第6章 審問
エルヴィン「・・・彼女が変わったのは、4年前からだというのは間違いなさそうだな。」
ハンジ「そうだね。マーレ・キールがいなくなって誰も止める子がいなくなっちゃったから、ユリア・キールはおかしくなっちゃったんだと思う。」
エレン「・・・ユリアさんがおかしい?」
ハンジ「この報告書を見てくれないかな。」
スッと渡された報告書。
記録者:×××
トロスト区内にて、すでに殺されていた巨人たちは、どれも何かしらの部分が大破していたのがわかる。あちらこちらに血が飛び散っており、一撃で殺害してはいない事が一目瞭然である。
記録者:○○○
トロスト区内にて、立体機動装置を装着せずに巨人に立ち向かう女性を発見。赤い髪の女性は巨人の肩を何かの刃で切り落とすと笑って巨人に話しかけていた。
ねぇ、次はどこがいい?反対の肩?あぁ、顔が汚いから目にしようか。それともそのダサい鼻がいいかしら?・・・あら、行儀の悪いその足にしましょう。

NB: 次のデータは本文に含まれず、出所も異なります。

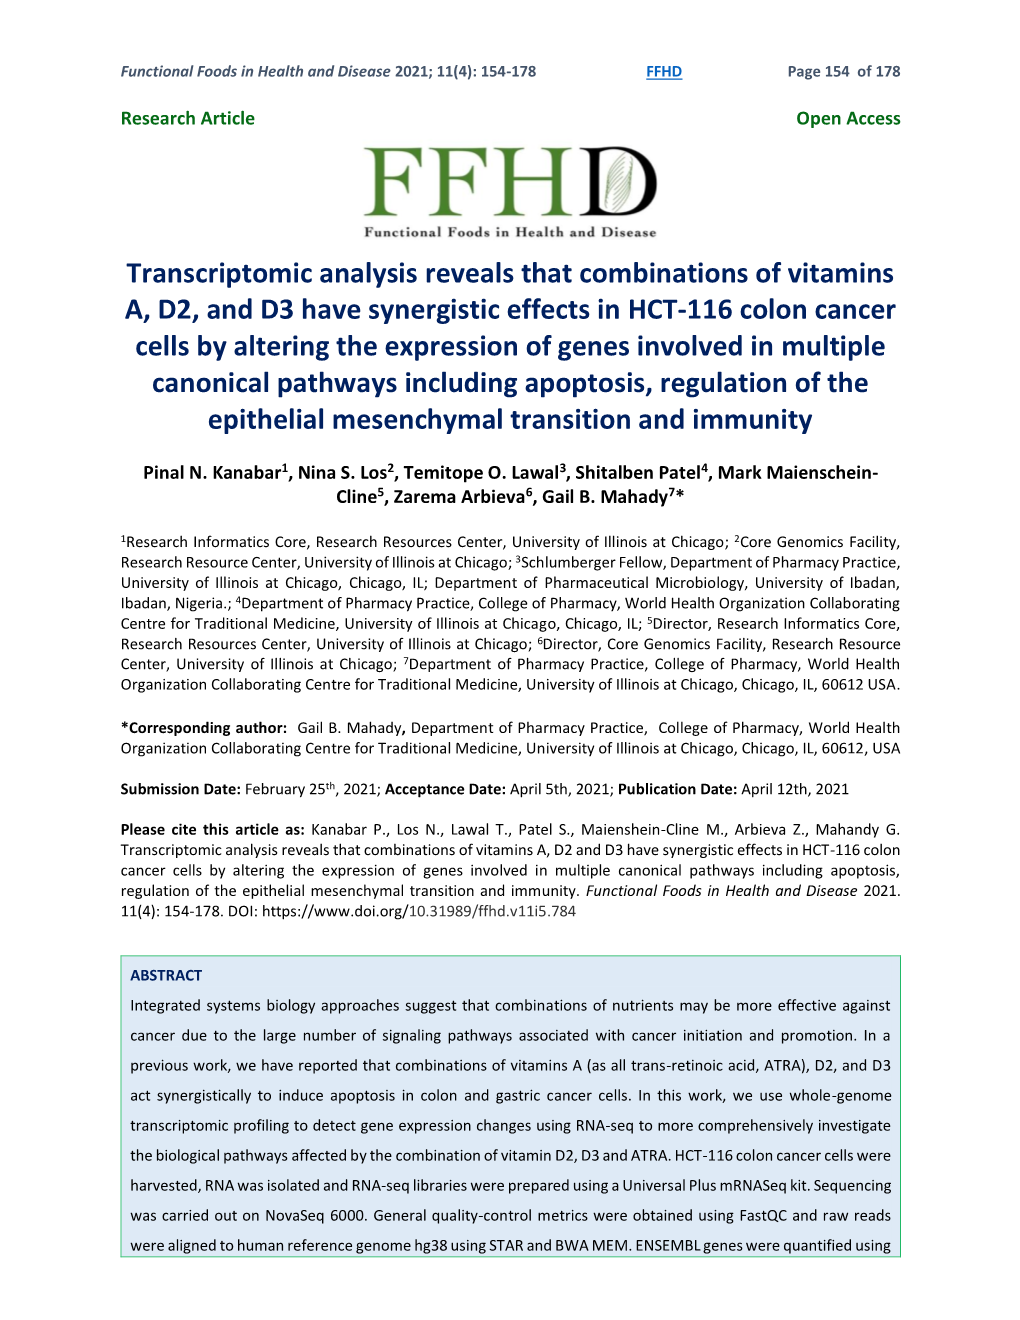 Transcriptomic Analysis Reveals That Combinations of Vitamins A, D2, And

そう言って女性は地面に軽やかに降りると巨人の足を削ぎ落とした。巨人が悲鳴を上げたところ、
うるさい。
と突然笑うのをやめて巨人のうなじを削いで別の巨人の元へと歩いて行った。
エレン「・・・これ、って・・。」
ハンジ「間違いなく、ユリア・キールの事だ。赤い髪の女性で、しかも立体機動装置を使わず巨人を殺せるとなると、彼女以外には考えられない。」
リヴァイ「・・・5年前の報告書には、どれもうなじだけを綺麗に削ぎ落としていたとあったハズだが。」
ハンジ「彼がいないという事実が、彼女の心を不安定にさせ・・・そこから更に憲兵団からの圧力によって壊れてしまったのだと想定できるけど。・・・そんな時に現れたのが、エレン。君達だ。」
エレン「・・・え?俺?」
ハンジ「こんな報告書が上がっているのに、エレン達に会った時は4年前と変わらない自分たちを心配してくれるユリア・キールだったと、アルミン・アルレルト訓練兵が報告書にまとめている。・・・現に、私がここに連れて来るまでは暴れていたけど、エレンを見るや否やエレンに抱き付いた。・・・彼女は、エレン達を心の拠り所にしているみたいだね。」